Johns grew up in Banff and Canmore and gained valuable experience working with his dad on land surveying. That background meshed with his growing love of golf. Having sorted out his right and left hands, he’s taken his 10-handicap onto courses in Canada and abroad.

His favourite is Jack’s Point on New Zealand’s South Island. “The views are unbelievable. There’s an amazing panoramic view of a mountain lake with snow-capped mountains behind the lake, native prairie grass right along the water’s edge and a lot of cool drop-off fairways; it’s just a really fun course to play.”

Back home in Canmore, he’s played the local courses but doesn’t belong to any clubs. “I can’t afford the membership,” says Johns, who hopes to land a requisite internship this fall to complete his degree.

He says the market for new Canadian golf courses has cooled. This spring he spent time in a northern Alberta camp, building lease roads through muskeg.

He’ll head to China for the four-day whirlwind this summer. So far, he’s promised to take his girlfriend (and sometime design muse), but he’s still playing coy with the remaining two tickets. “I’m keeping that a secret. Everybody’s buying me drinks. They’re going to find out the night before.”

For the China contest, he designed three holes. All three were shortlisted among entries from more than 30 countries; winning entries will be built in the planned icon course. Its construction date has yet to be announced.

Johns’s grand-prize winner is a par-five, 510-yarder called “Riches to Ruins.” The design uses bunkers shaped like prehistoric rock carvings and faux ruins of pyramids and monuments.

For his “Riches to Ruins” design, Riley Johns won a lifetime membership at an exotic course to be built by China’s Mission Hills on Hainan Island.

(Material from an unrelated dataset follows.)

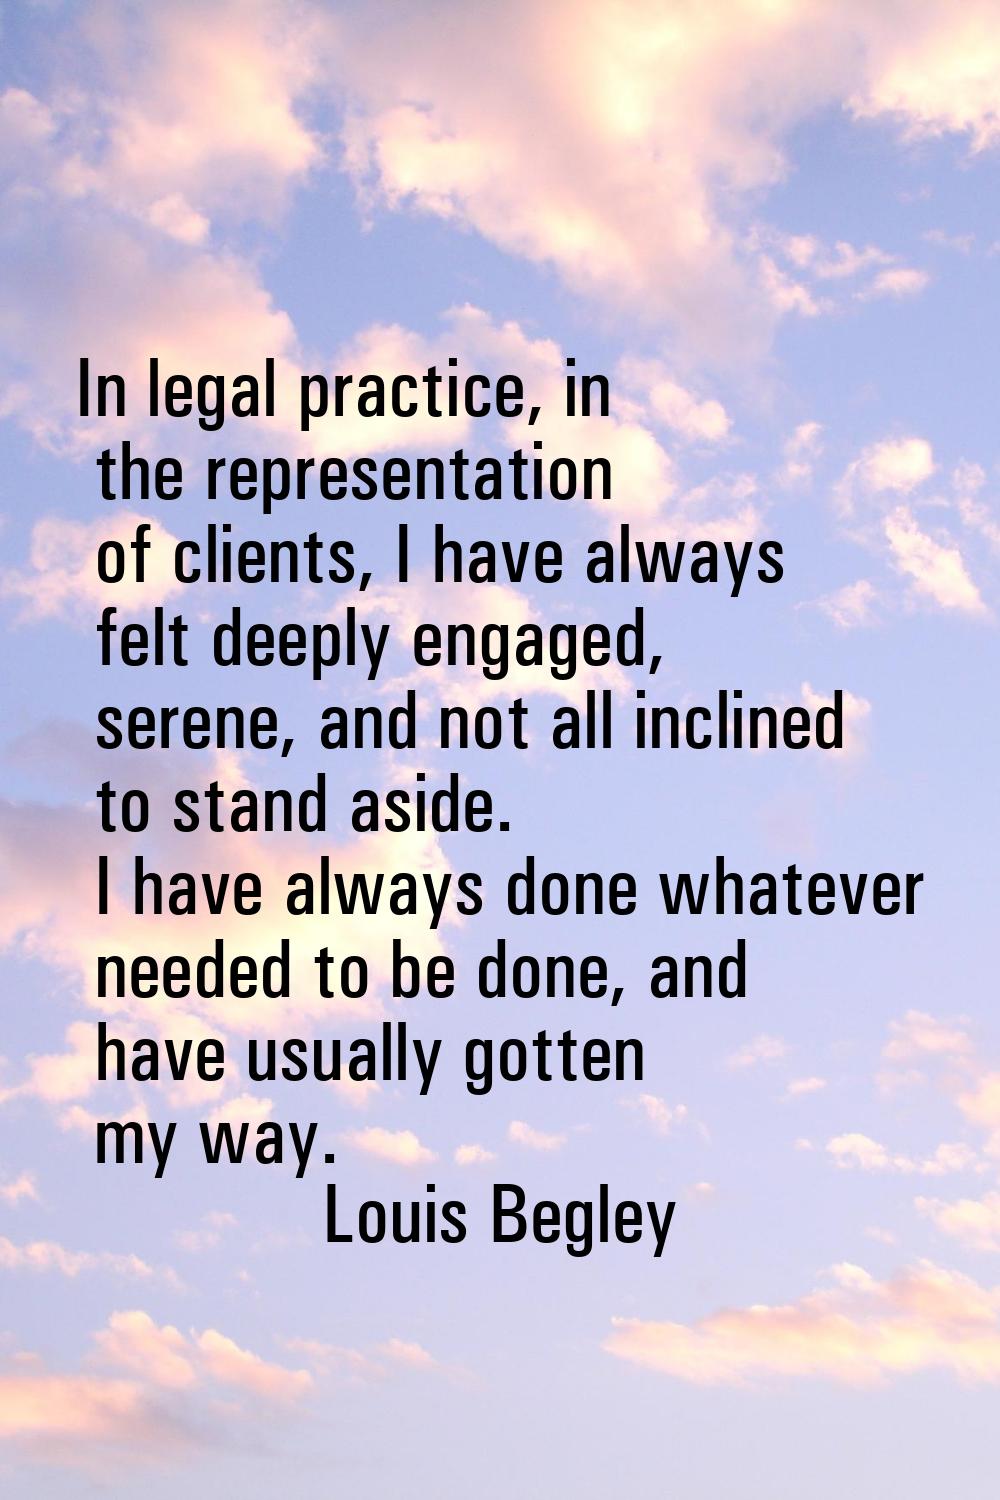 In legal practice, in the representation of clients, I have always felt deeply engaged, serene, and

That’s a nod to Central America’s Mayan ruins. Six years ago, Johns bought some land and built a house in Nicaragua. Located on the Pacific coast north of San Juan del Sur, it’s his favourite winter surfing venue.

While at U of G last winter, Johns took an inaugural course in golf course architecture offered by Prof. Bob Brown, School of Environmental Design and Rural Development. Brown had expected about half-a-dozen students would sign up for the offering. Instead, he attracted about 30 BLA students in second, third and fourth years, as well as some master’s students.

“I think there’s a latent interest there that nobody had ever tapped into,” says Brown, who invited practising architects to give guest lectures. “People interested in landscape architecture tend to be interested in big open spaces and how they’re designed.”

Speaking of his student’s contest win, he says, “The international recognition is like a launch pad for him. He now can take that to any golf course architect in the world, and they can know they’ve got a quality person coming to work for them.”

Building golf courses or a vacation home in Nicaragua, Riley Johns is honing his skills in design and construction.